Document(page_content='1. Who May Use the Services\nYou may use the Services only if you agree to form a binding contract with Twitter and are not a person barred from receiving services under the laws of the applicable jurisdiction. In any case, you must be at least 13 years old, or in the case of Periscope 16 years old, to use the Services. If you are accepting these Terms and using the Services on behalf of a company, organization, government, or other legal entity, you represent and warrant that you are authorized to do so and have the authority to bind such entity to these Terms, in which case the words “you” and “your” as used in these Terms shall refer to such entity.\n\n \n2. Privacy\nOur Privacy Policy (https://www.twitter.com/privacy) describes how we handle the information you provide to us when you use our Services. You understand that through your use of the Services you consent to the collection and use (as set forth in the Privacy Policy) of this information, including t

In [91]:
small_chunk = chunked_data[0]

In [92]:
small_chunk

Document(page_content='1. Who May Use the Services\nYou may use the Services only if you agree to form a binding contract with Twitter and are not a person barred from receiving services under the laws of the applicable jurisdiction. In any case, you must be at least 13 years old, or in the case of Periscope 16 years old, to use the Services. If you are accepting these Terms and using the Services on behalf of a company, organization, government, or other legal entity, you represent and warrant that you are authorized to do so and have the authority to bind such entity to these Terms, in which case the words “you” and “your” as used in these Terms shall refer to such entity.\n\n \n2. Privacy\nOur Privacy Policy (https://www.twitter.com/privacy) describes how we handle the information you provide to us when you use our Services.

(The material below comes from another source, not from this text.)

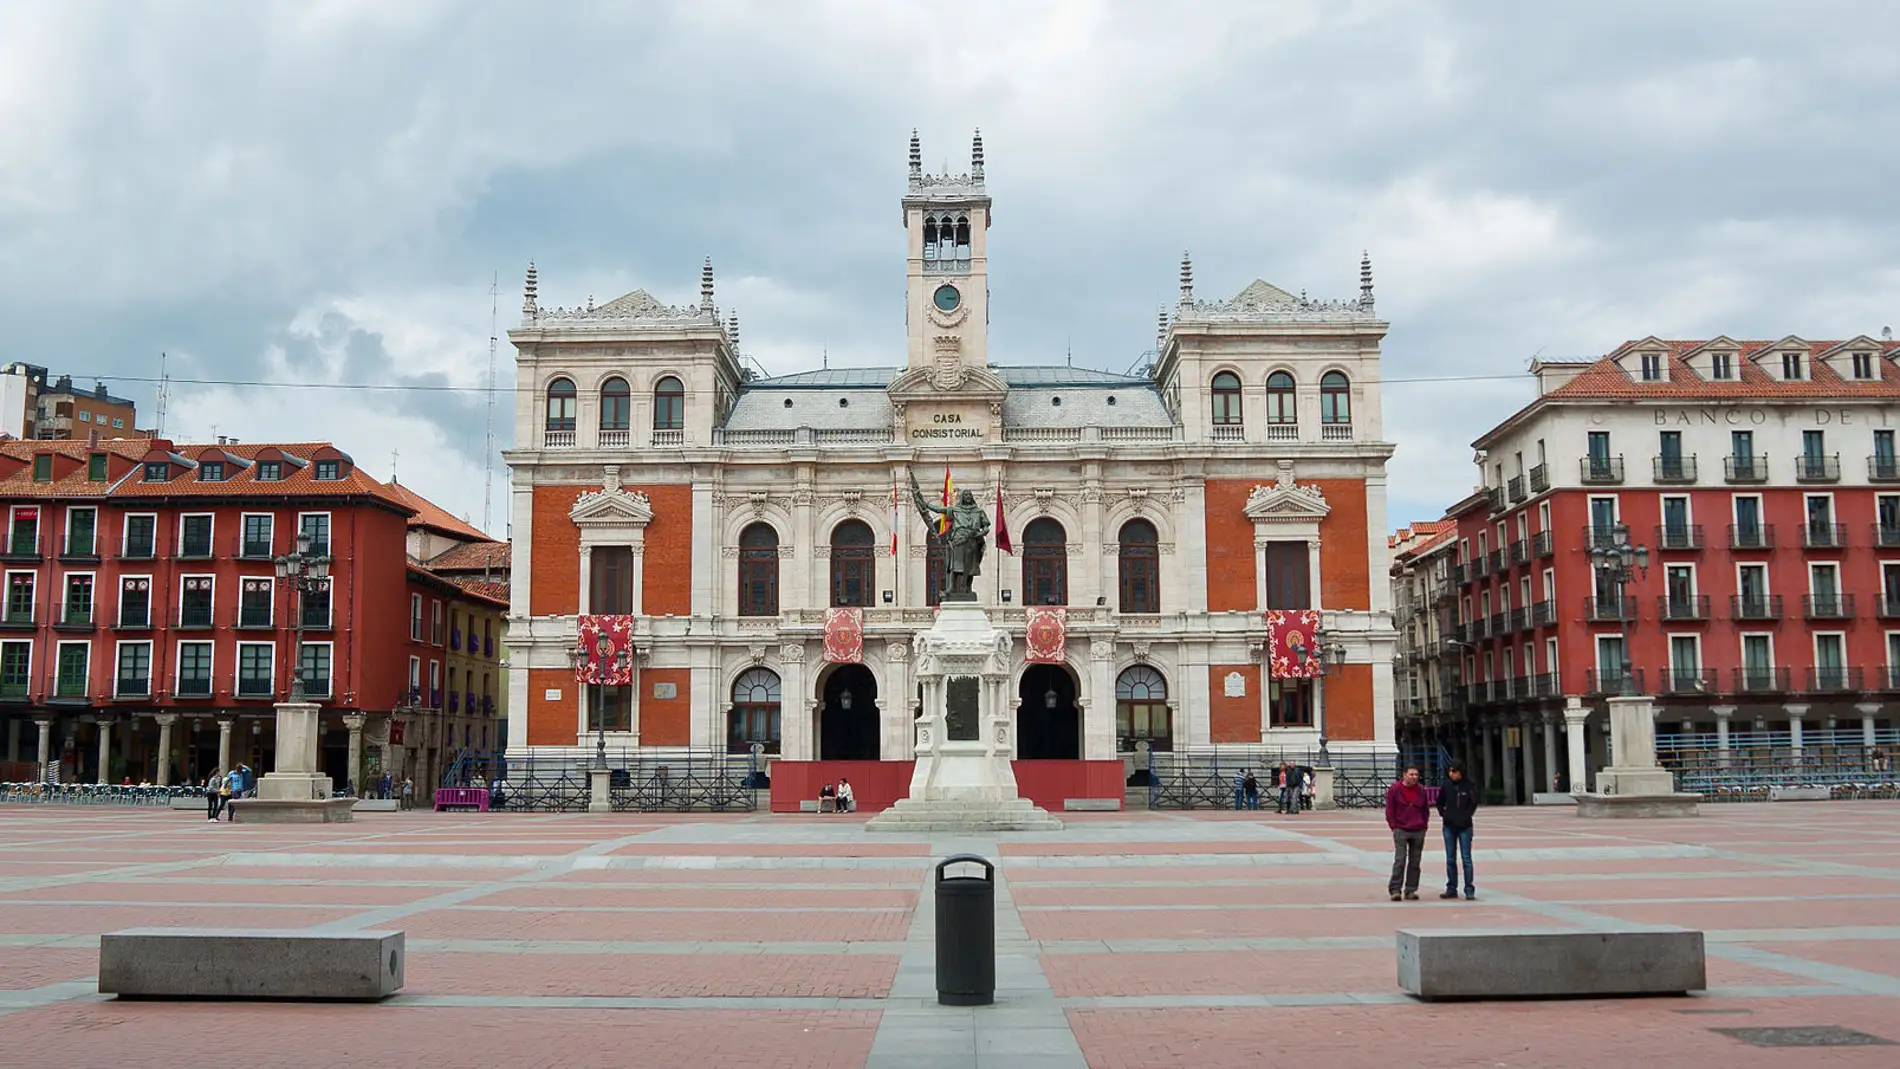 Plaza Mayor de Valladolid: estas son las curiosidades que te sorprenderán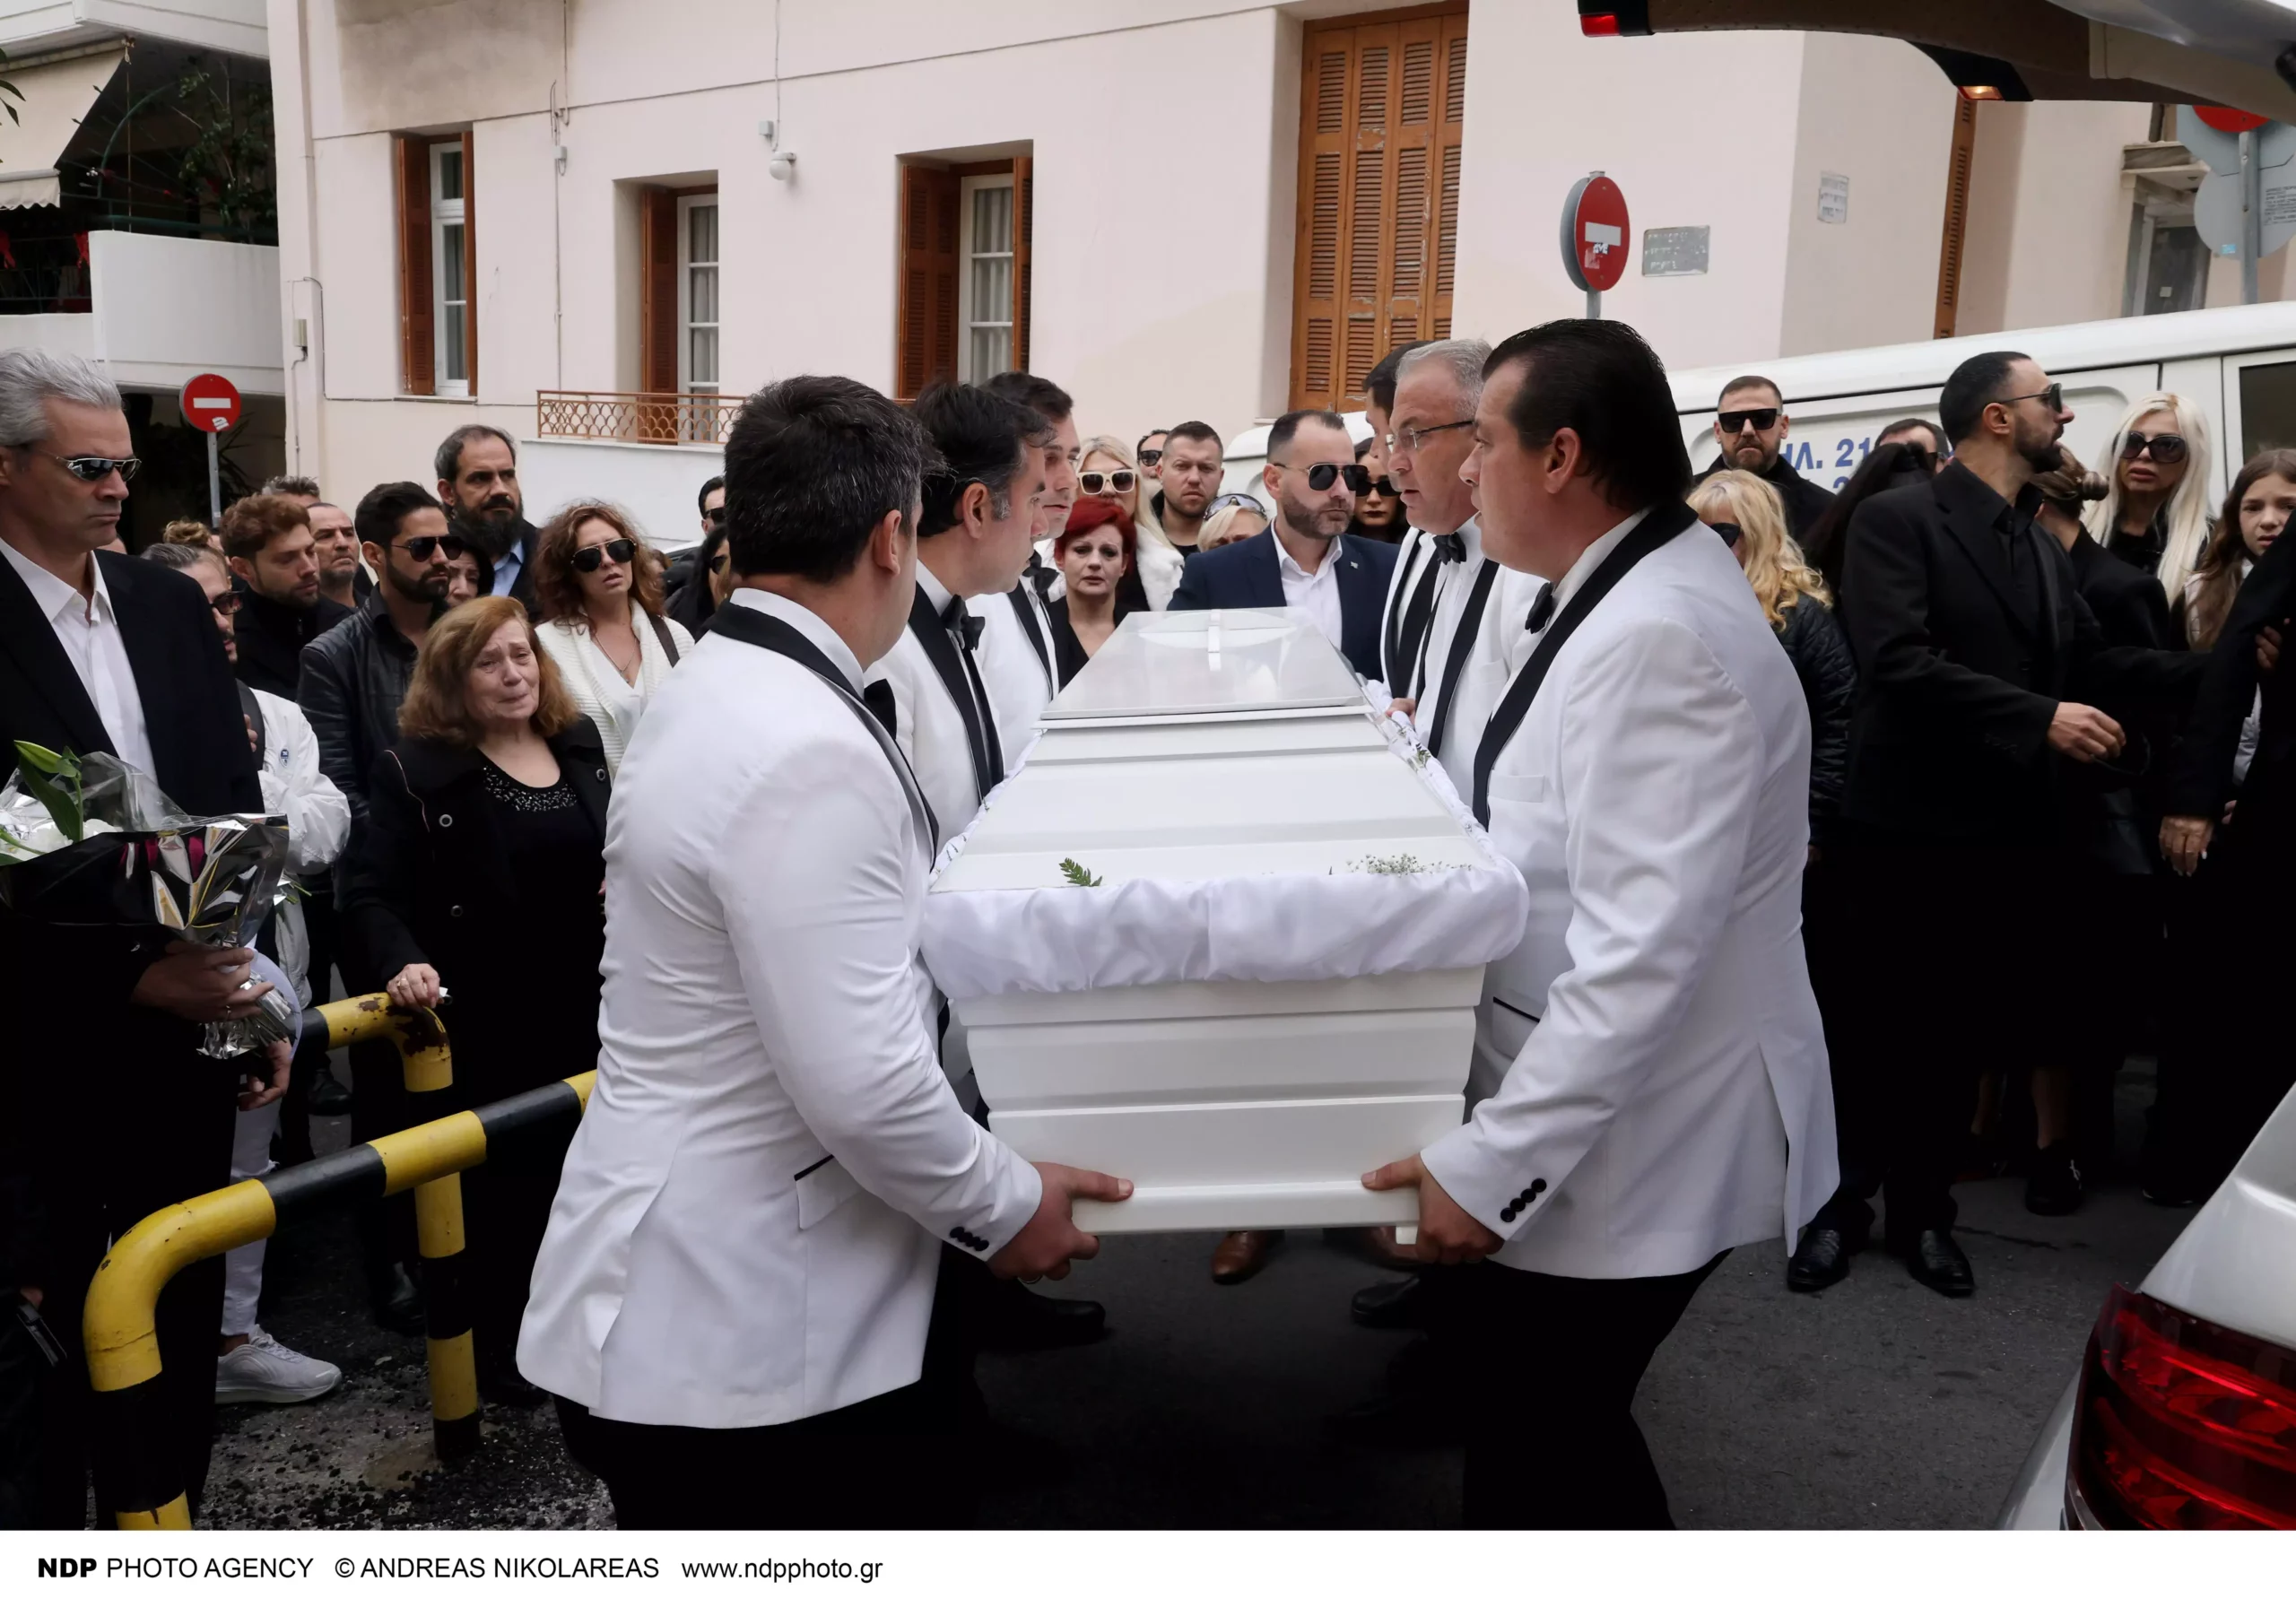 Κηδεία Νίκου Φλωρινιώτη: Υποβασταζόμενες η Μάχη και η Αννούλα Φλωρινιώτη

You understand that through your use of the Services you consent to the collection and use (as set forth in the Privacy Policy) of this information, including t

In [162]:
llm = OpenAI(temperature=0)

In [93]:

summary_chain = load_summarize_chain(llm, chain_type='stuff')

In [94]:
summary_chain.run([small_chunk])

'\n\nTwitter services are available to those aged 13 or older (16 for Periscope). If using the services on behalf of a company, organization, government, or other legal entity, the user must have the authority to bind such entity to the Terms. The Privacy Policy outlines how Twitter handles user information. Users are responsible for their use of the Services and any Content they provide, and must ensure compliance with applicable laws, rules, and regulations.'

### `refine` summarization 

In this case, summarization is run on the first chunk and is passed as context to the next chunk.

In [95]:
summary_chain = load_summarize_chain(llm, chain_type='refine')

In [96]:
summary_chain.run(chunked_data)

'\n\nTwitter services are available to those aged 13 or older (16 for Periscope). Users are responsible for their use of the Services and any Content they provide, and must ensure compliance with applicable laws, rules, and regulations. Twitter reserves the right to remove Content that violates the User Agreement and users can report copyright infringement. Users retain their rights to any Content they submit, post or display on or through the Services and grant Twitter a worldwide, non-exclusive, royalty-free license to use, copy, reproduce, process, adapt, modify, publish, transmit, display and distribute such Content. In consideration for Twitter granting access to and use of the Services, users agree that Twitter and its third-party providers and partners may place advertising on the Services or in connection with the display of Content or information from the Services. Users must not misuse the Services, for example, by interfering with them or accessing them using a method other 

### `map_reduce` summarization 

In this case, summarization is run on all chunks and then a combiner is used to combine all summaries

In [97]:
summary_chain = load_summarize_chain(llm, chain_type='map_reduce')

In [117]:
summary_chain.run(chunked_data)

Retrying langchain.llms.openai.completion_with_retry.<locals>._completion_with_retry in 4.0 seconds as it raised APIConnectionError: Error communicating with OpenAI: ('Connection aborted.', RemoteDisconnected('Remote end closed connection without response')).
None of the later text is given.